A birdie at the last would ultimately have put Hidalgo into a play-off, but he instead gained qualification in the most extraordinary fashion.

“I’m still shaking,” Hidalgo told FQ Radio a few minutes after completing his round.

Angel Hidalgo at Final Qualifying for The 152nd Open

Angel Hidalgo following the incredible hole-out on his final hole

“Obviously I didn't see the ball go in but to be honest I don't care. I just jumped and cried with my caddie and we deserve it. We fight a lot. All this year we've not really had luck.

“The shot was a perfect distance. It was the first time all day I had a full club and, at that type of moment with nerves, I prefer to have a full club.

“I didn’t expect (to hole the shot) when I was in the fairway. It was weird because I was nervous but at the same time I was really confident. It’s not the toughest pin and it’s not the toughest distance for me, but you never expect to hole it in that type of moment, so it’s pretty cool.”

Hidalgo finished at five-under alongside Irish amateur Liam Nolan, before local hero Jack McDonald – one shot worse off at four-under - came through a three-man play-off with Tim Widing and Daniel Young to secure the final place at nearby Troon.

The drama of the play-off occurred long after Hutsby, in the first group out from the 10th tee at 7am, had reached the clubhouse in a glorious position following rounds of 67 and 69.

“I can’t believe I only made one bogey,” said the Englishman, who appeared supremely relaxed on the outside despite feeling under pressure as he closed in on an Open spot.

“It was a grind all day. The bunkers are so brutal around here and I found quite a few of them today, but I managed to recover and the eagle at the par-5 (5th) really got my second round going."

Sam Hutsby at Final Qualifying

Sam Hutsby on his way to winning the Final Qualifying event at Dundonald

Hutsby was a finalist at The Amateur Championship in 2009, the same year he represented Great Britain & Ireland in the Walker Cup.

After 15 years as a professional, he can now celebrate the hugely significant achievement of reaching a major for the first time.

“I’ve missed out by a shot twice, for The Open and the US Open,” he added. “It’s always been a childhood dream to play in a major.

“To be a British player competing in your home Championship, I couldn’t have dreamed of that.
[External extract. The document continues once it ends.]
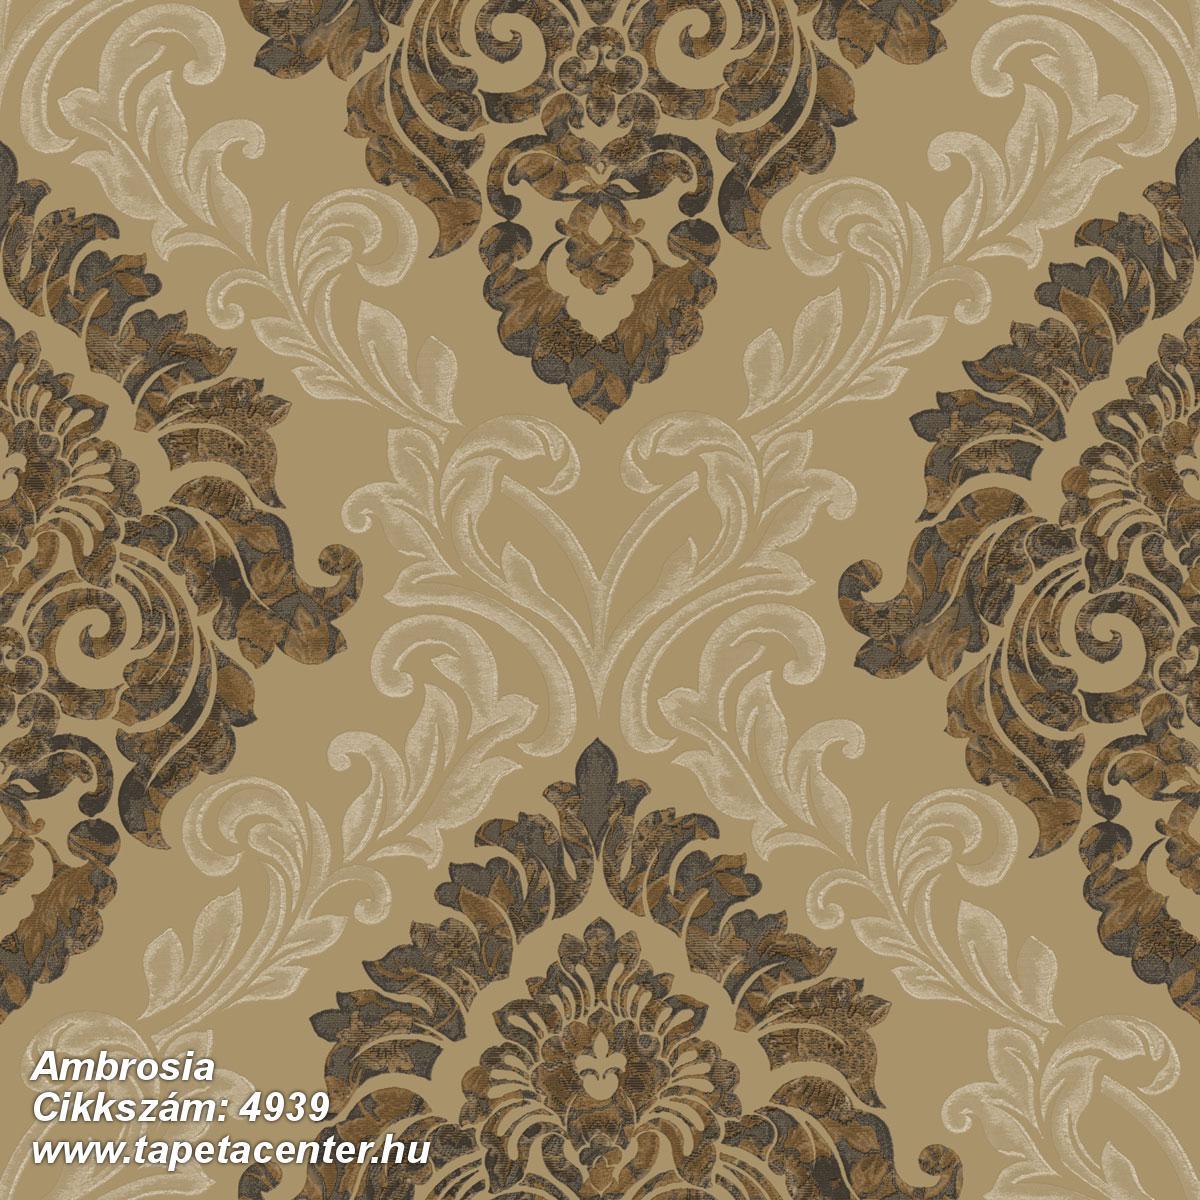 Ambrosia - 4939 Olasz tapéta

I was working in a golf shop two years ago but I’ve put an unbelievable amount of hard work in and this is reward for the sacrifices I’ve made.”

For Irish amateur Nolan, a maiden major comes within a year of his Walker Cup appearance.

The 24-year-old from Galway, who matched Hidalgo’s five-under total with scores of 69 and 70, said: “It’s going to be crazy. I feel like I’ve had a very good amateur career but this is a nice one to tick off, playing in my first major.

“It’s hard to process the fact that I’m actually going to The Open. To get to play (in an event with) Tiger Woods, Rory McIlroy, all the best players in the world, that’s as good as it gets. I just can’t wait.”

Liam Nolan celebrates qualifying for The 152nd Open

Liam Nolan celebrates qualifying for The 152nd Open

The fourth and final spot at Dundonald was taken by yet another Walker Cup star.

McDonald, whose grandfather Gordon Cosh played The Open at Turnberry in 1977, represented Great Britain & Ireland in the 2015 match against the United States.

Having grown up in nearby Kilmarnock, he can now look forward to a dream Open debut at a course he knows well.

“My papa is an honorary member at Royal Troon. Going back to when I was just a boy, about 12 or 13 years old, he would sign me on there,” said McDonald, who birdied the first play-off hole to progress.

Jack McDonald at Final Qualifying

Jack McDonald is amazed after coming through the play-off

“I remember playing in The Amateur Championship in 2012 at Royal Troon (when he made the semi-finals) and thinking, ‘how good would it be to play in an Open there?’ And I just can’t believe that is going to happen now.

“Getting into any Open is great. But, for me, even more so the fact it’s at Troon. It’ll be amazing. I’ve been walking the dog next to the course along the beach and you can see all the grandstands. It’s going to be an amazing week.”